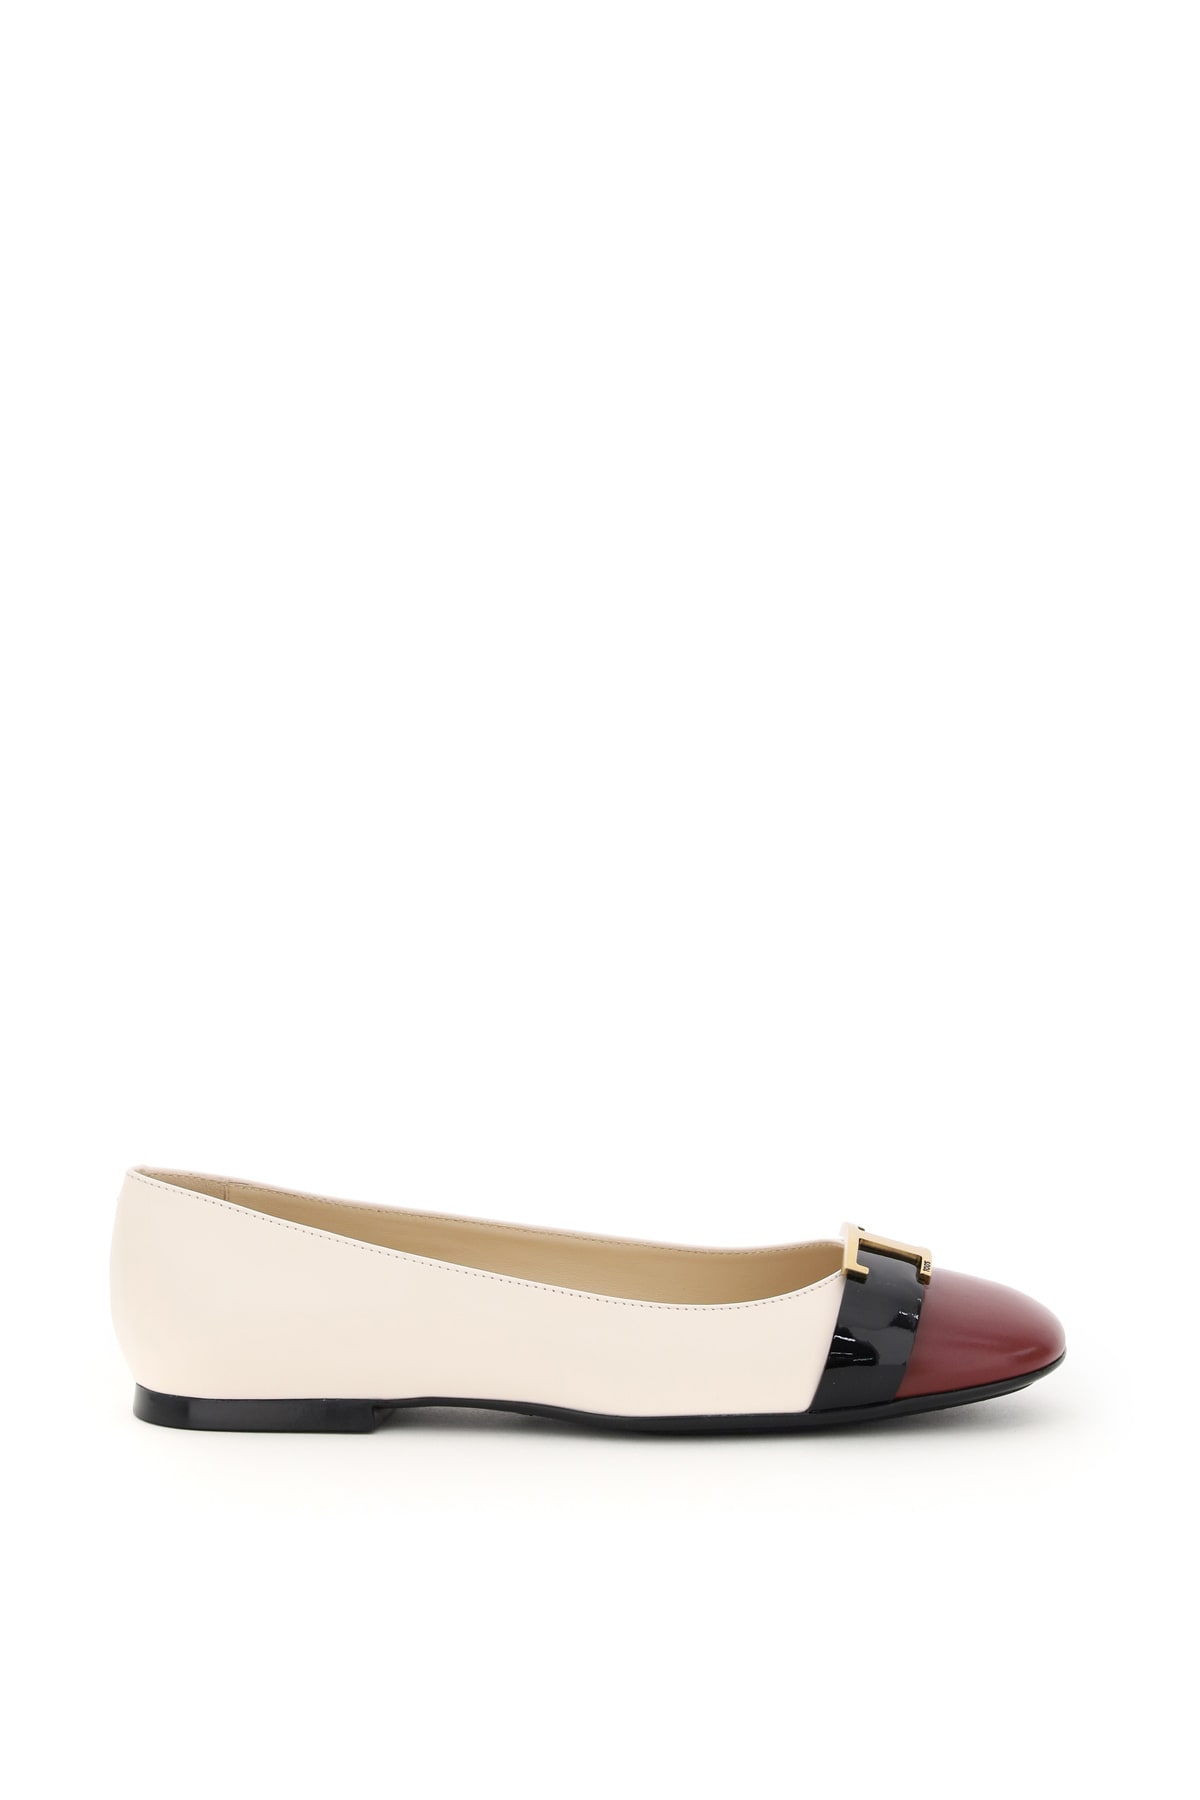 Tods T Timeless Multicolor Ballet Flats
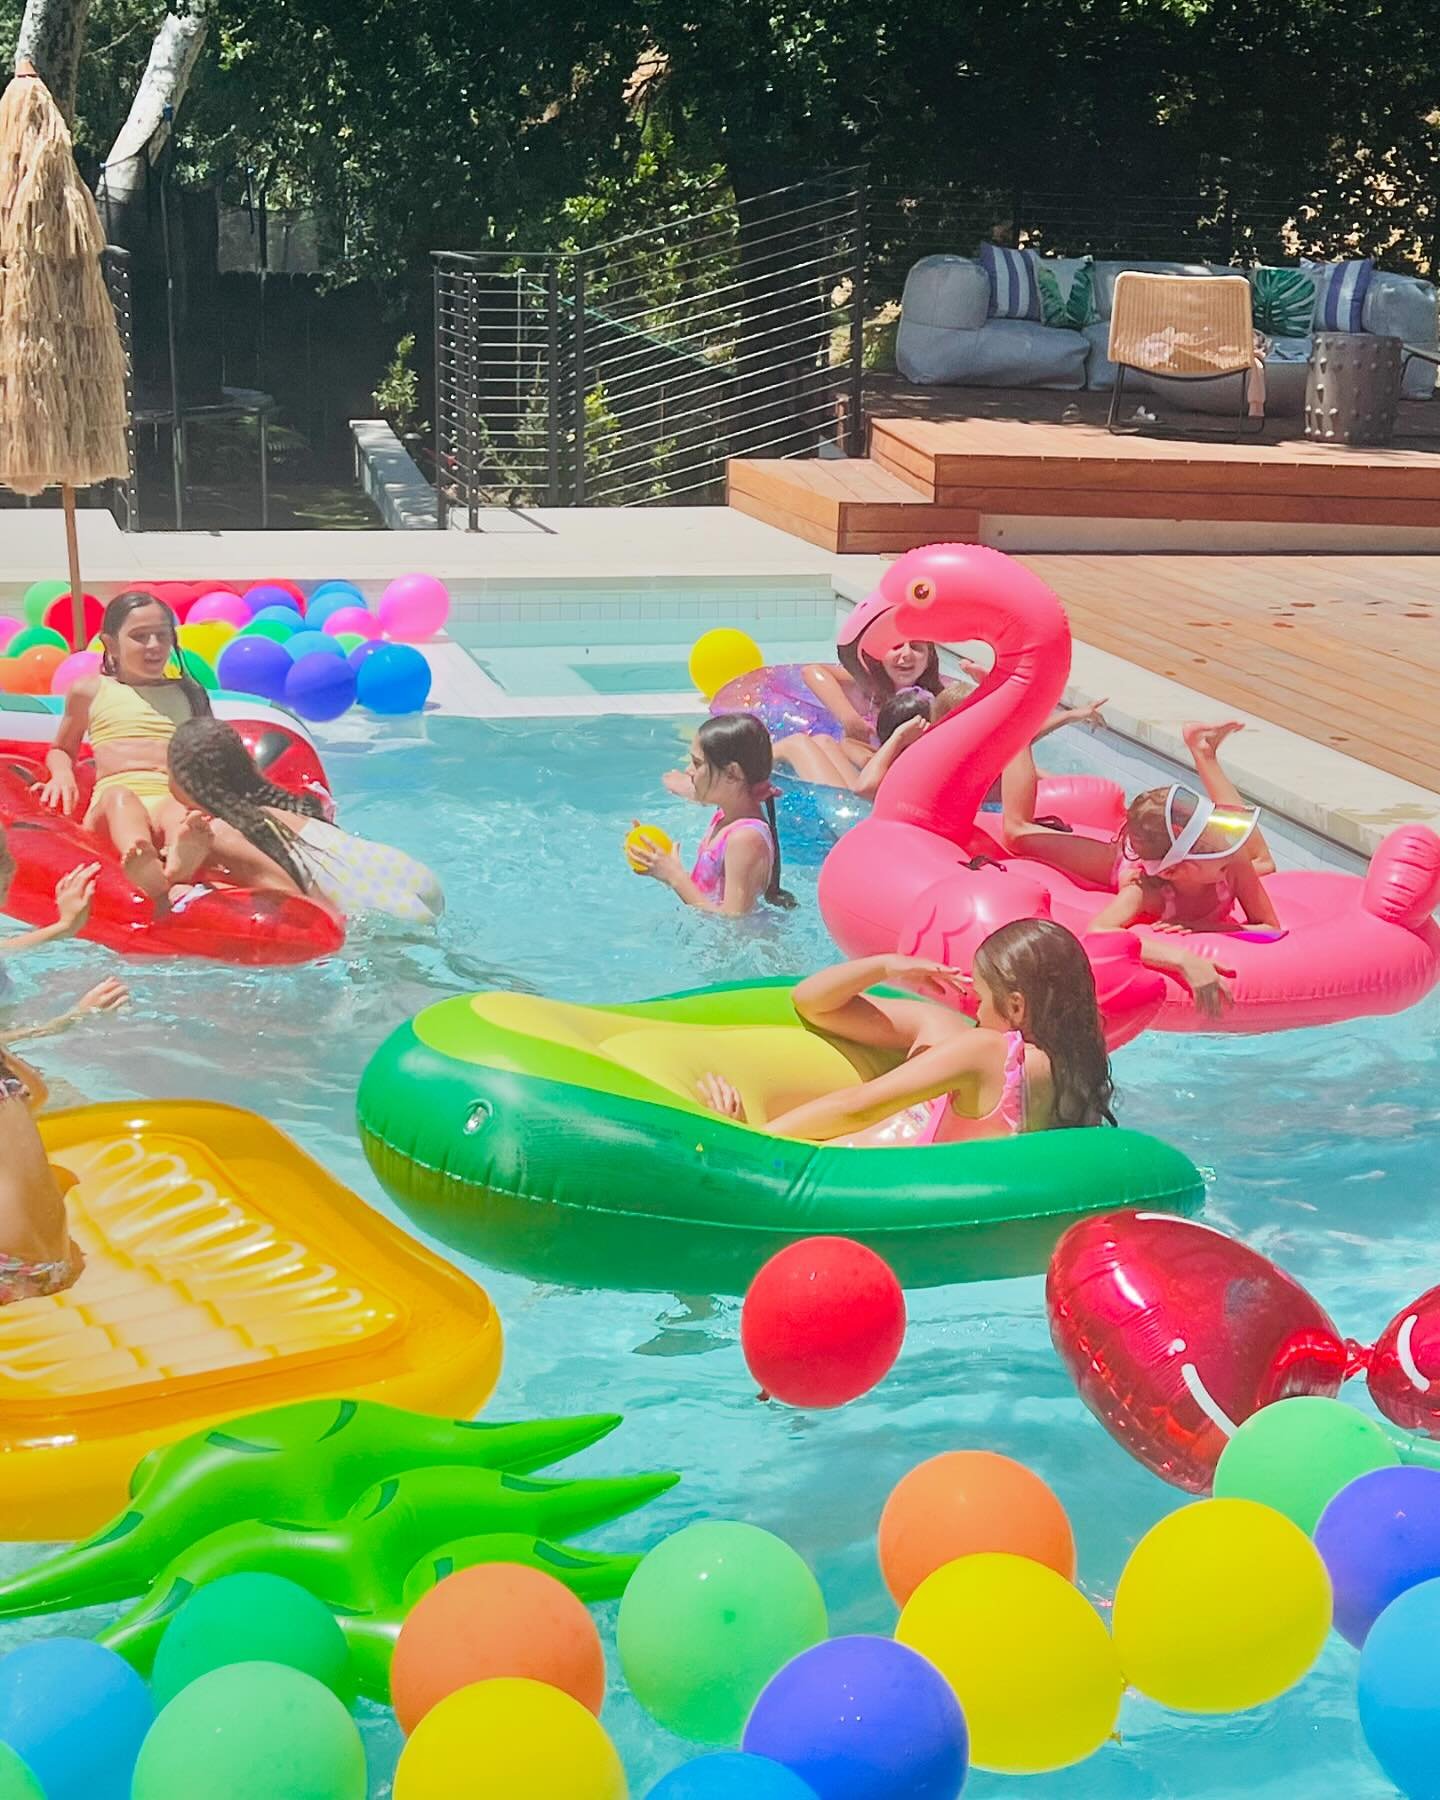 SUMMERTIME 🍒🥑🍉🌈💦⁣
⁣⁣
It&rsquo;s time to start planning all those summer pool parties and we&rsquo;ve got you covered! Did you know you can find us on @liketoknow.it as we share where to get all our fav party (and interior) finds! Follow us @side

********

REQUIRED ACTION |
Leave out the pictures and retype every line above exactly.

ANSWER TO THIS TASK |
 Tods T Timeless Multicolor Ballet Flats
 SUMMERTIME 🍒🥑🍉🌈💦⁣
⁣⁣
It&rsquo;s time to start planning all those summer pool parties and we&rsquo;ve got you covered! Did you know you can find us on @liketoknow.it as we share where to get all our fav party (and interior) finds! Follow us @side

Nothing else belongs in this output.